Near the end of this plateau there’s a sign directing vehicles towards the trail. This is the only place there was a sign indicating the trail goes down through here. I found it entertaining that the icon was of a Jeep. Once getting part way down the hill it was obvious why. A sharp turn requiring off road vehicles to back through a portion of the trail along with tight turns while climbing rocks is already challenging enough. To do this with a truck which has a longer wheel base is even more difficult to near impossible. There was a Toyota Tacoma coming up the hill forcing us to wait at the top for awhile as it grappled with these tight turns up steep rocks. More than once we listened to tires screeching as it tried to make it up. Once at the top the driver looked extremely uneasy and glad to have finally made it through proving it is possible. Just not for the faint of heart as we had passed the drivers wife earlier in the trail walking away from this portion unable to watch as the Tacoma struggled to get to the top.

Maneuvering through tight canyons

During a portion of the trail we were warned of some tight areas that could lead to damage on vehicles. As we approached one of these we were unsure of being able to make it through. Approaching this tight canyon slowly it became apparent the Jeep would get through with a bit of room on each side but very little opportunity for errors to avoid rubbing against the canyon walls. It was fun to glide through and fortunately the top comes off it we got stuck so we wouldn’t be trapped inside the vehicle.

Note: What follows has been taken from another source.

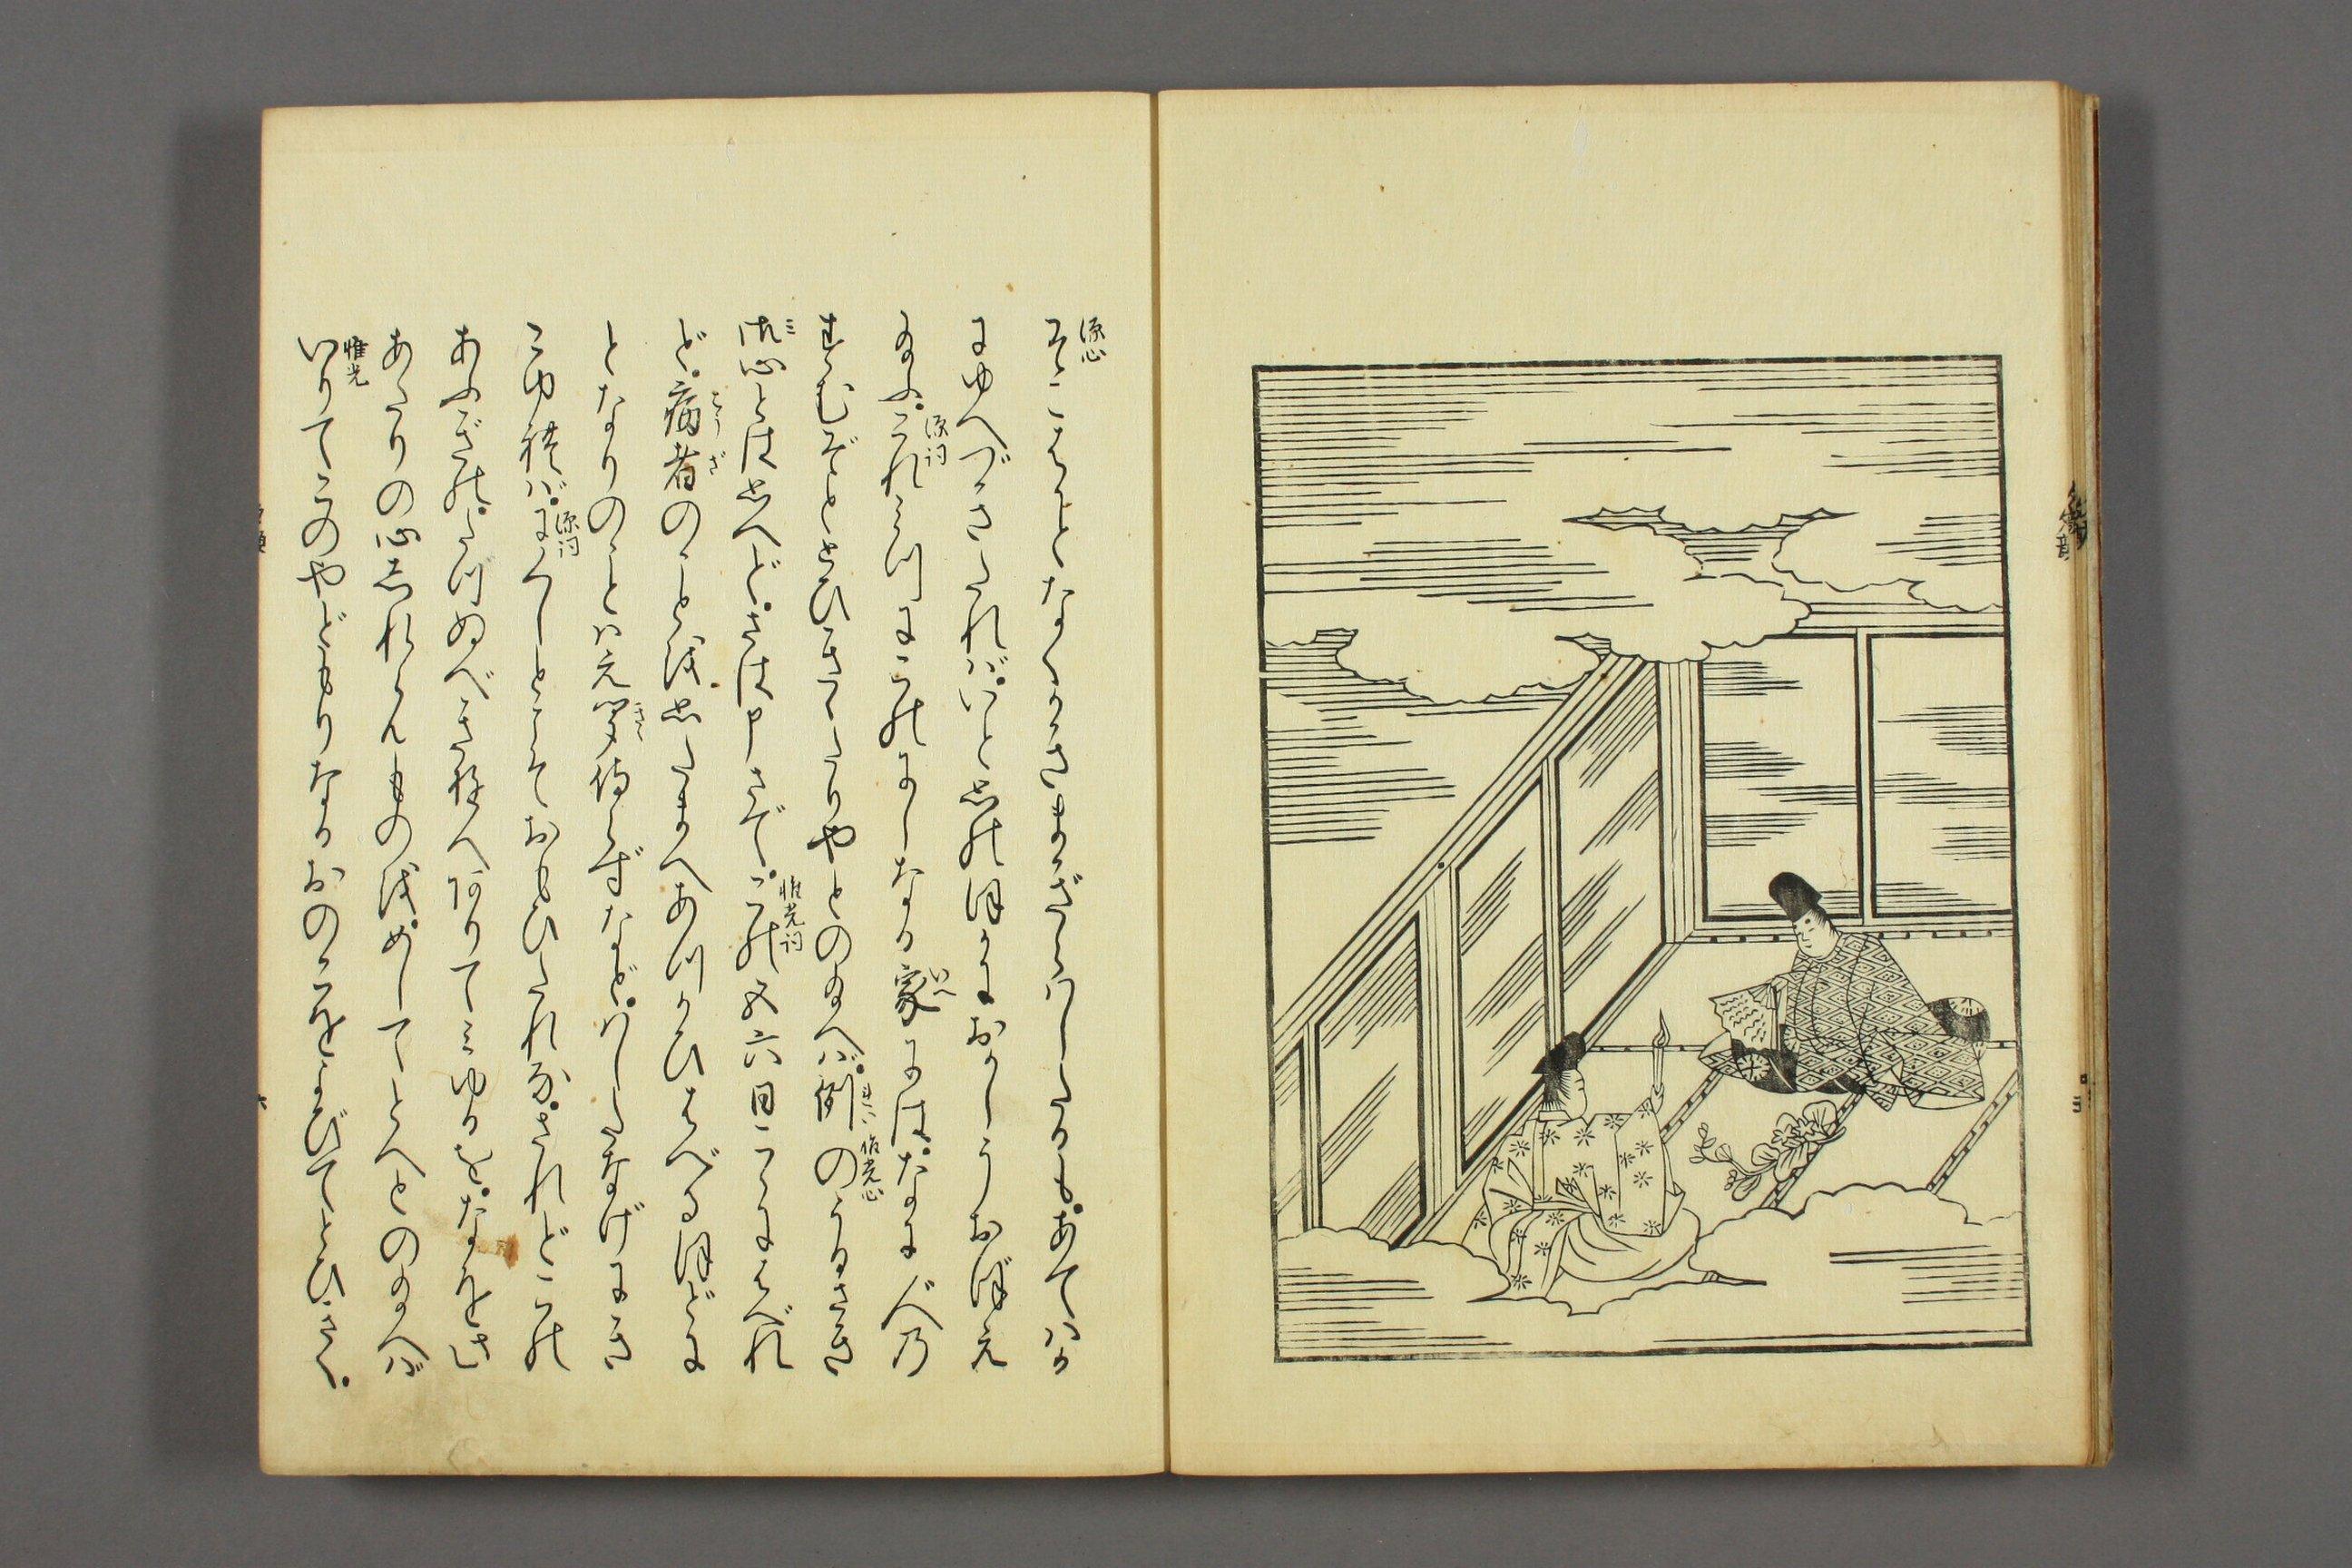 http://archive.wul.waseda.ac.jp/kosho/bunko30/bunko30_a0007/bunko30_a0007_0004/bunko30_a0007_0004_p0007.jpg

Stunning views from the beautiful Canyonlands National Park

Canyonlands National Park offers some amazing views with so many different rock formations and colors all around. I could have spent hours just taking in all of these views of the area landscapes studying the different types of rocks and rock formations. But there’s still a lot of trail left and much to see so on down the trail we went.

Climbing up and over rocks next to canyon walls

Much of the trial consists of rock ledges to climb over which aren’t extremely difficult but add to the fun while traveling through this beautiful park admiring the views both up close and off in the distance. Some of those views can become a bit distracting so thankfully accommodates in some places. Otherwise you could stop every few minutes just to look around and never drive the entire trail in one day.

Eating lunch while surrounded by incredible views

Earlier in the day, while waiting for the Toyota Tacoma to make its way up Elephant Hill, we decided to grab lunch as we had plenty of time before being able to continue on the trail. It was an amazing spot to eat surrounded by all these beautiful rock formations under the big blue sky. Even though lunch consisted of sandwiches, chips, and an apple (so nothing fancy), I would take that every day with cool sunny skies overlooking the canyons instead of eating a warm meal trapped between four walls inside. As the day continued on we enjoyed climbing over numerous rock ledges and dirt roads all the while enjoying views from the top and bottom of the canyons while taking in a few short hikes here and there completing our day at Elephant Hill on the first full trail of an off road adventure.

Climbing some rock ledges with the Jeep near steep canyon walls

Getting to Moab, and the First Trail

Waking up from the last night on a soft bed for several more nights, it was time to grab something to eat, stop at a grocery store to complete the next weeks meals, and hit the road to Moab. It was a cool morning in Cedar City, Utah with fresh snow up in the mountains making for a beautiful landscape. Driving up into those mountains resulted in rain changing over to snow near the summit making for a gloomy drive and yet fun to see a little different weather from desert areas below. After getting over the top and descending the clouds once again began to separate allowing sun to spread across the amazing scenery of Utah.

Getting closer to Moab, the clouds began to part revealing the incredible landscape surrounding us.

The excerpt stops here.